I’ve never really liked coffee. Sure, the smell is divine, but the taste not so much. Then, while working at the elementary school in the winter, a colleague (with lots of spare cash!) would bring in Starbucks for everybody. Mocha lattes. Pumpkin spice lattes. Gingerbread lattes. It was an occasional indulgence, and I grew to really like them to the point where I was actually going out after work every couple of weeks and spending $5 of my own money on a cup of coffee. Madness. Luckily warm weather came back, and I decided that spending $1 on sweet tea on the way home was a better use of my (limited) funds.

This winter, at another school, there were no well-heeled collagues to bring in Starbucks for their lesser-moneyed friends. Then Mom got the sudden, fast-growing cancer and spent a lot of time in a Georgia hospital. My lil’ bro’ and I spent a lot of time there, too. And it had a Starbucks. And it was good. The addiction might have gone away again except that when we brought Mom home from her operations, we stayed up late and got up early in case she needed any assistance. The coffee was made 24/7.

“Hey, Swampie, coffee’s ready!” my brother informed me.

“You know, I really don’t like coffee. I’ll pass.”

“I thought you really liked those Starbucks coffees with the flavoring.”

“Well, I do! I just don’t like plain coffee.”

“I’ve got pumpkin spice creamer, Almond Joy creamer, peppermint mocha creamer, and caramel machiatto. I wasn’t sure which one you wanted. So you have to drink it because I sure as hell can’t drink it all!” True, true. Mom just takes a little cream in her coffee.

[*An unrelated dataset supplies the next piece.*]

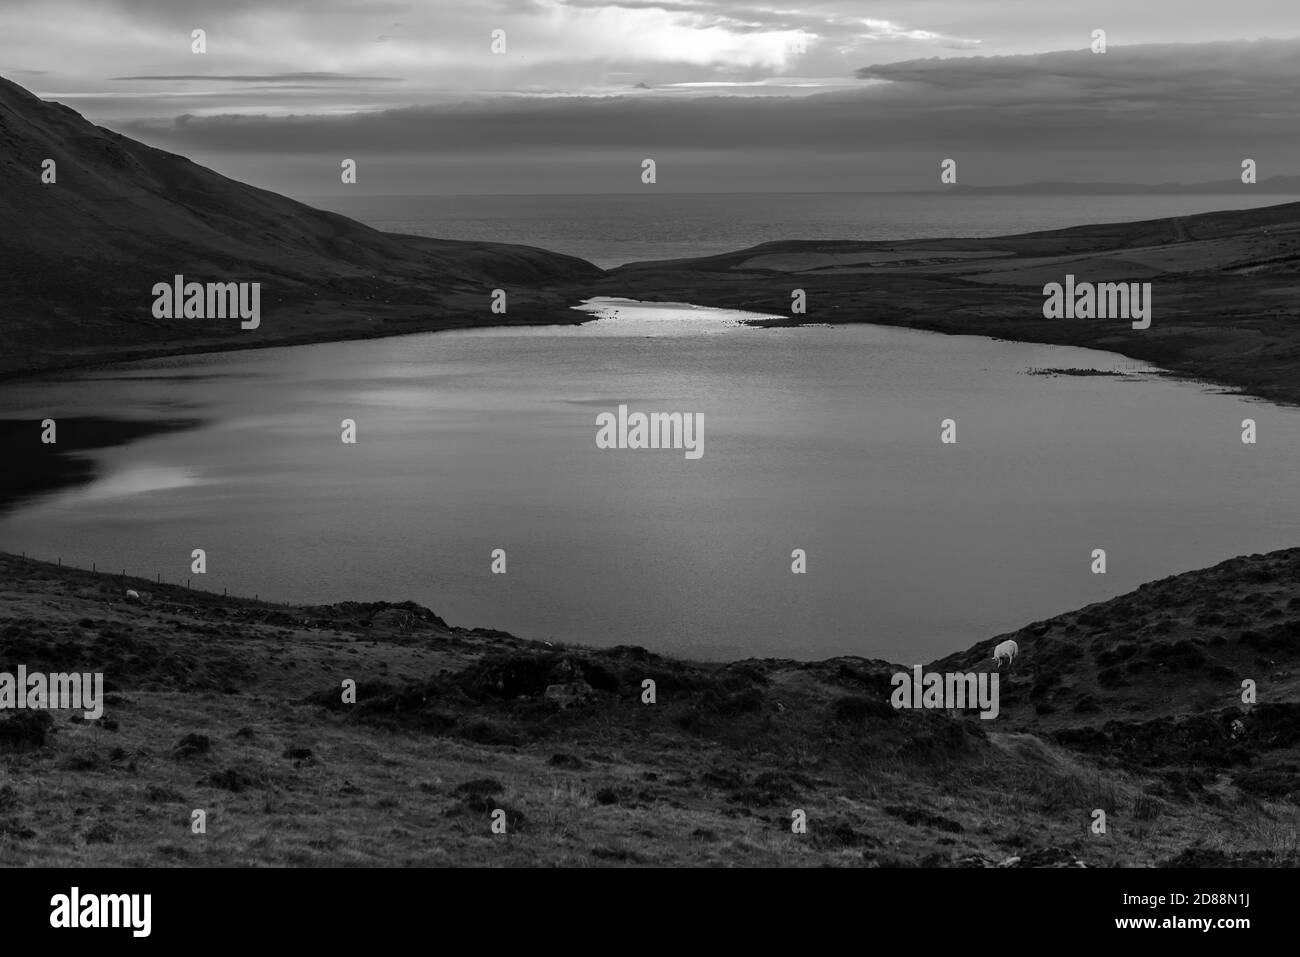 Black and white land scape of sheep grazing along lake in scotch highlands Stock Photo

I tried it and it was GOOD. When I got back home, I bought my own coffee maker. Now I pour about 5 cups of coffee (and lots of flavored creamer*!) into a mug before I go to work in the morning when it is cold outside. That’s after drinking a cup before I go outside to feed in order to prewarm my insides.

When warm weather returns, I’ll trade in the giant mug of coffee in the morning for iced sweet tea. I think.

*The prepared creamers that I use are made of real ingredients such as milk and sugar and spices, NOT soybean oil or cottonseed oil like some of them. I also make my own from recipes on the net.